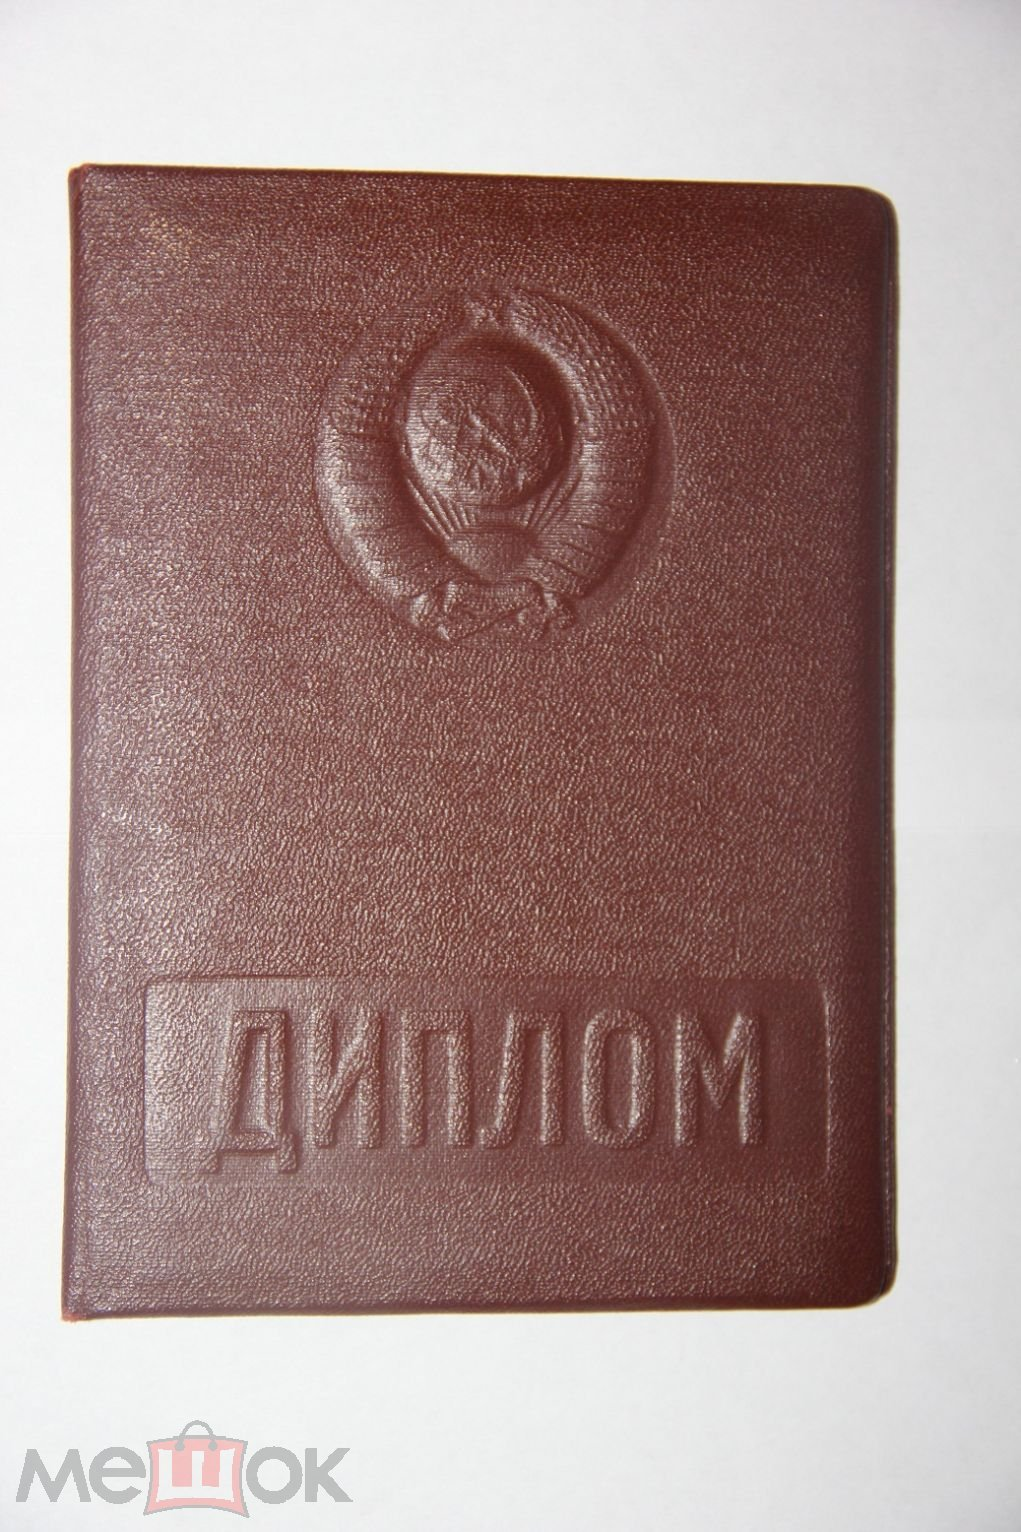 Диплом с отличием Институт им Дзержинского КГБ СССР печать  Все фото на одной странице
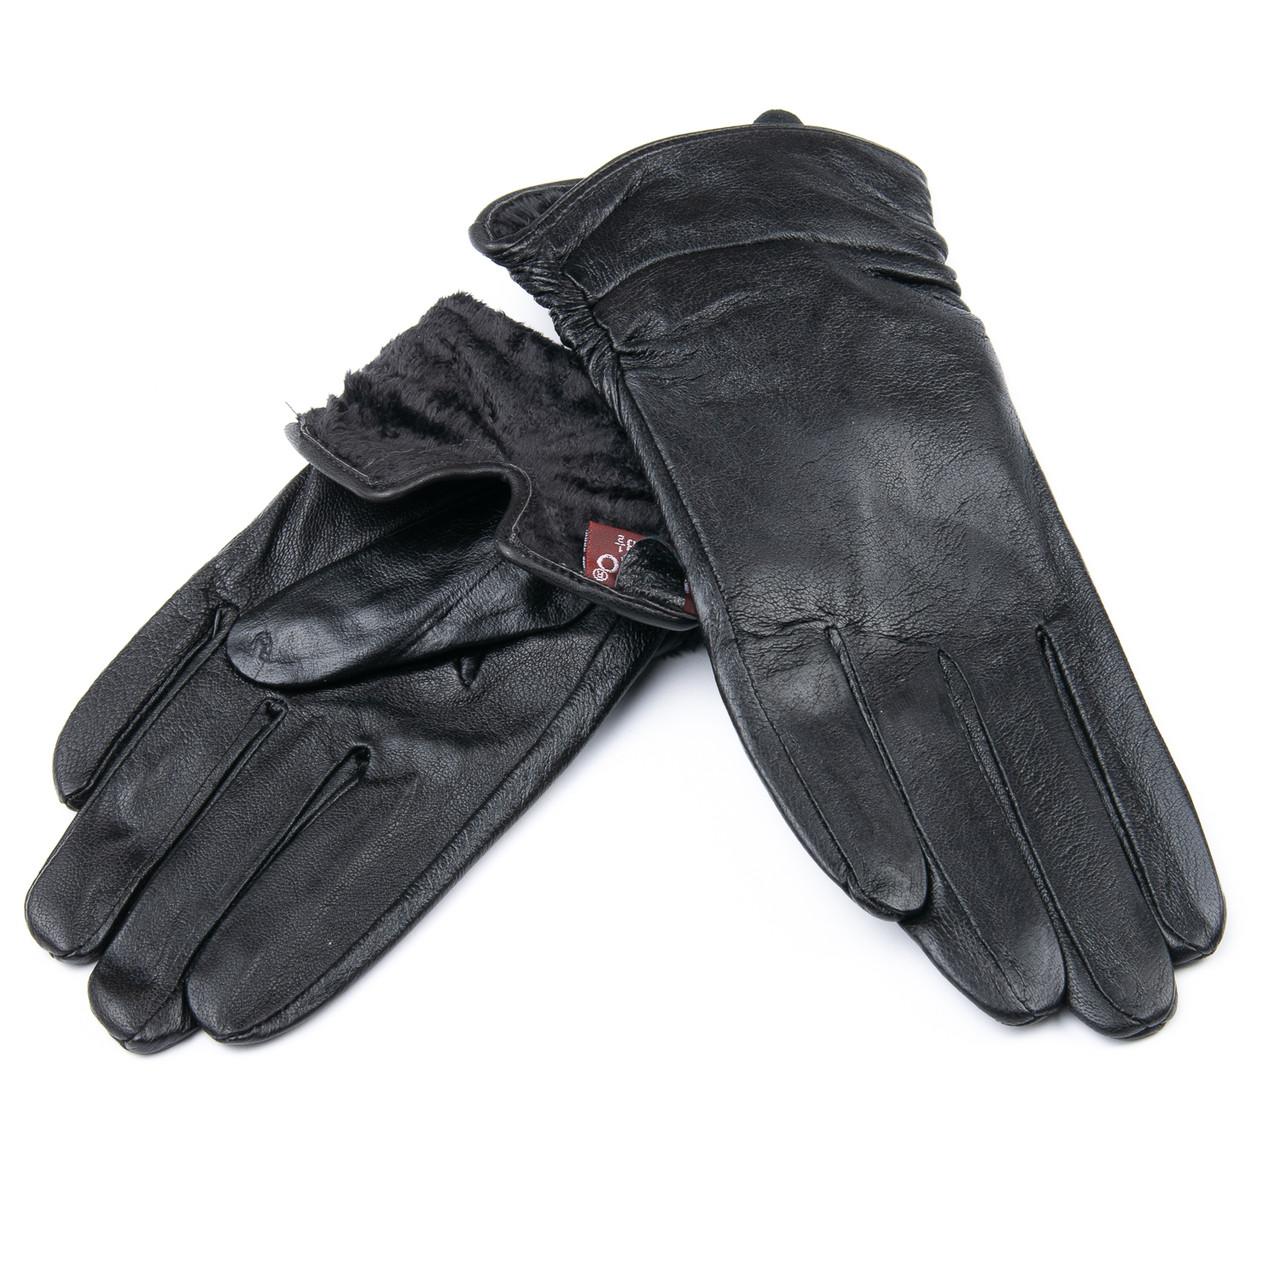 Перчатка Женская кожа F24/19-1 мод6 black флис
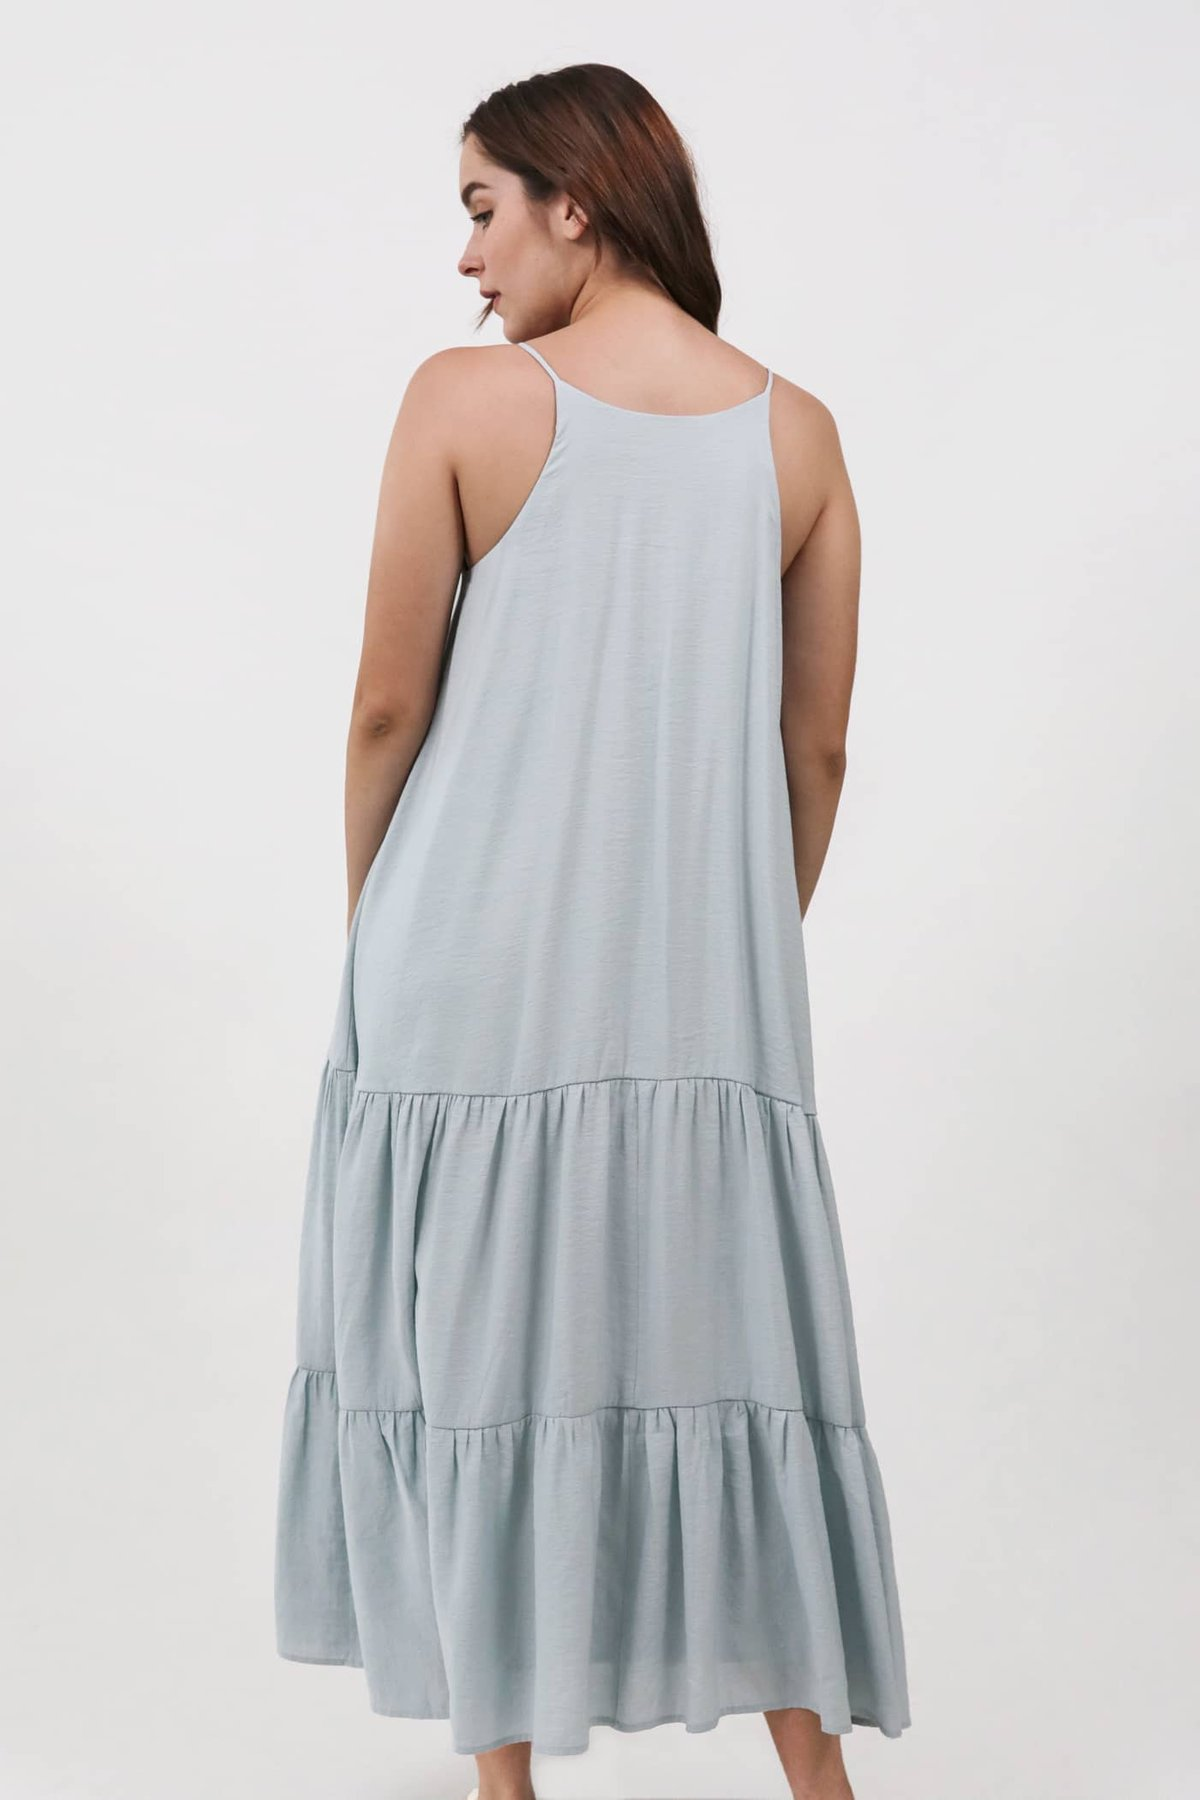 Zarah Two Way Maxi Dress (Misty Blue)

* _Exercise directions_:
Leave out the pictures, and retype exactly the lines from the one containing "Перчатка Женская кожа" through the final line of the data.

* _Response area_:
 Перчатка Женская кожа F24/19-1 мод6 black флис
 Zarah Two Way Maxi Dress (Misty Blue)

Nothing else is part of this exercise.